Beartooth Pass

2013

The Absoraka-Beartooth Wilderness Area contains 30 peaks above 12,000′ elevation. As an integral part of the 20 million acre Greater Yellowstone Ecosystem, it borders Yellowstone National Park’s eastern side, straddling the Wyoming-Montana line and encompassing two distinct mountain ranges: the Beartooth Mountains, named after the likeness between a jagged mountain peak in the range and a bear’s tooth; and the Absorakas, named after the Crow Indians (Absoraka being the Indian name for crow).

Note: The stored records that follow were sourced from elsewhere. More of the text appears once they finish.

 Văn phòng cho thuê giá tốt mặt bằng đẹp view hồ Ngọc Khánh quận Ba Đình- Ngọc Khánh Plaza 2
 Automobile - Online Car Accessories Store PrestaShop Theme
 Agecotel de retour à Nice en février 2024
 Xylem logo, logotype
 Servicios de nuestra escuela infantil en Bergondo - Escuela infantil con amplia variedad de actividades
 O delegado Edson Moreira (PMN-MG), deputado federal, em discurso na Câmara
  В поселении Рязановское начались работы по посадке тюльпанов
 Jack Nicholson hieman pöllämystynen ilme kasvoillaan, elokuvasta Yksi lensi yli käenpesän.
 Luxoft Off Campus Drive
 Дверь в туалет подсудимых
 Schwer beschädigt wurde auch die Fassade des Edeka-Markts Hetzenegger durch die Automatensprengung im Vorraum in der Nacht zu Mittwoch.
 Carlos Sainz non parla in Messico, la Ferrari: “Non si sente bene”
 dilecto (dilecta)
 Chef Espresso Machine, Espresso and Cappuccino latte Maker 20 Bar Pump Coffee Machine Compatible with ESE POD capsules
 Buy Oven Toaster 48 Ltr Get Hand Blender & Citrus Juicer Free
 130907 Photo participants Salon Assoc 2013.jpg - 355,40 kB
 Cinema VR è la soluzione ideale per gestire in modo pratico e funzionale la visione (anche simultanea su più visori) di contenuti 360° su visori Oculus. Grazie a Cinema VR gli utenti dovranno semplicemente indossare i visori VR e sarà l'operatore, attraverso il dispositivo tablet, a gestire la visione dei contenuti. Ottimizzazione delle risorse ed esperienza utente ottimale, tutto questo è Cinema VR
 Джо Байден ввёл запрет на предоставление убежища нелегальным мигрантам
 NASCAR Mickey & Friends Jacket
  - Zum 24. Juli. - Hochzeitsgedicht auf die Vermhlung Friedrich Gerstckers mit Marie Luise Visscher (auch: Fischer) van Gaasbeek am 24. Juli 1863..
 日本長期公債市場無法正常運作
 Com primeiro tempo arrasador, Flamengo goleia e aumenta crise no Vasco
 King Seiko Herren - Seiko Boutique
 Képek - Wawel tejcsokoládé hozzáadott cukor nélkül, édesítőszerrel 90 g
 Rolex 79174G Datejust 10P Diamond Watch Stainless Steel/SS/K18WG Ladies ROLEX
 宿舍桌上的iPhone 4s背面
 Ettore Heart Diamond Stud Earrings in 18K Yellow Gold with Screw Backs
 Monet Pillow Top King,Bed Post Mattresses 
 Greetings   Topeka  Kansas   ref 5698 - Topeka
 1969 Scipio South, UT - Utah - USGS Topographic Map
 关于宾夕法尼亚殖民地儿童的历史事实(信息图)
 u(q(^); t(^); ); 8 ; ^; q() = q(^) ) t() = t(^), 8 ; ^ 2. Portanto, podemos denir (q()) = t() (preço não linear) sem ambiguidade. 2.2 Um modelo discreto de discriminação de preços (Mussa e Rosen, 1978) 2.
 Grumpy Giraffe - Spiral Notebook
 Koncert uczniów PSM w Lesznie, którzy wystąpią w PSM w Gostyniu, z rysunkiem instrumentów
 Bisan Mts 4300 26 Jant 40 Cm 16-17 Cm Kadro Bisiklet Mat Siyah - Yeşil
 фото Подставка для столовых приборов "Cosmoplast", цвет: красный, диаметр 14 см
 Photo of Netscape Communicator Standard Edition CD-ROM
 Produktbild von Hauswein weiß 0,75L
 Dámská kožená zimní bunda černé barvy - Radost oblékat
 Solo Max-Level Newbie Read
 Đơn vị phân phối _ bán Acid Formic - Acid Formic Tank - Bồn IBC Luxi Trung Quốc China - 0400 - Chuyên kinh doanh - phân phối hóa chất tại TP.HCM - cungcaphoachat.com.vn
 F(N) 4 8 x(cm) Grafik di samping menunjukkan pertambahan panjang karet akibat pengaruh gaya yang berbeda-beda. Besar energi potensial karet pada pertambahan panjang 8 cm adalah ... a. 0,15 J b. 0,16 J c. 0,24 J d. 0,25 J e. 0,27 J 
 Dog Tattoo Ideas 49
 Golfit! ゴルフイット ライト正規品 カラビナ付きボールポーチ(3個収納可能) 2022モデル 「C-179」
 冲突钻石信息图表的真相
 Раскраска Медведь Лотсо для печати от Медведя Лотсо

Along the eastern side of the wilderness area, The Beartooths have the largest unbroken area of land within the lower 48 states in excess of 10,000 feet elevation. Comprised almost entirely of beautiful but fragile, high, treeless, bald granite plateaus interspersed by glacial lakes, the Beartooths include Montana’s highest mountain, the 12,799′ Granite Peak.

North of the Beartooths lies the Absaroka range’s stratified volcanic rocks, forested valleys and rugged peaks forming a chain of mountains that includes spectacular peaks east of Paradise Valley, beginning in Wyoming, including the Absoraka’s highest mountain, Francs Peak (13,153′), and continuing north into Montana.

Heading west from Red Lodge, Montana, (5,500′), US Route 212 goes up, down, and up again, for 70 incredibly tortuous miles along the Montana-Wyoming Border through the Beartooths; winding south into Wyoming just before the 10,947′ Beartooth Pass, (the highest road in the northern Rockies) and then back north into Montana over the 8,100′ Colter Pass, through Cooke City (6,400′), and finally climbing to Yellowstone’s NE entrance at 7,500’ elevation, once again in Wyoming.

The views along the Beartooth Pass are spectacular and unnerving. Whether the high tundra mountain tops, or deep down in the incredibly steep valleys, the views are difficult to fathom.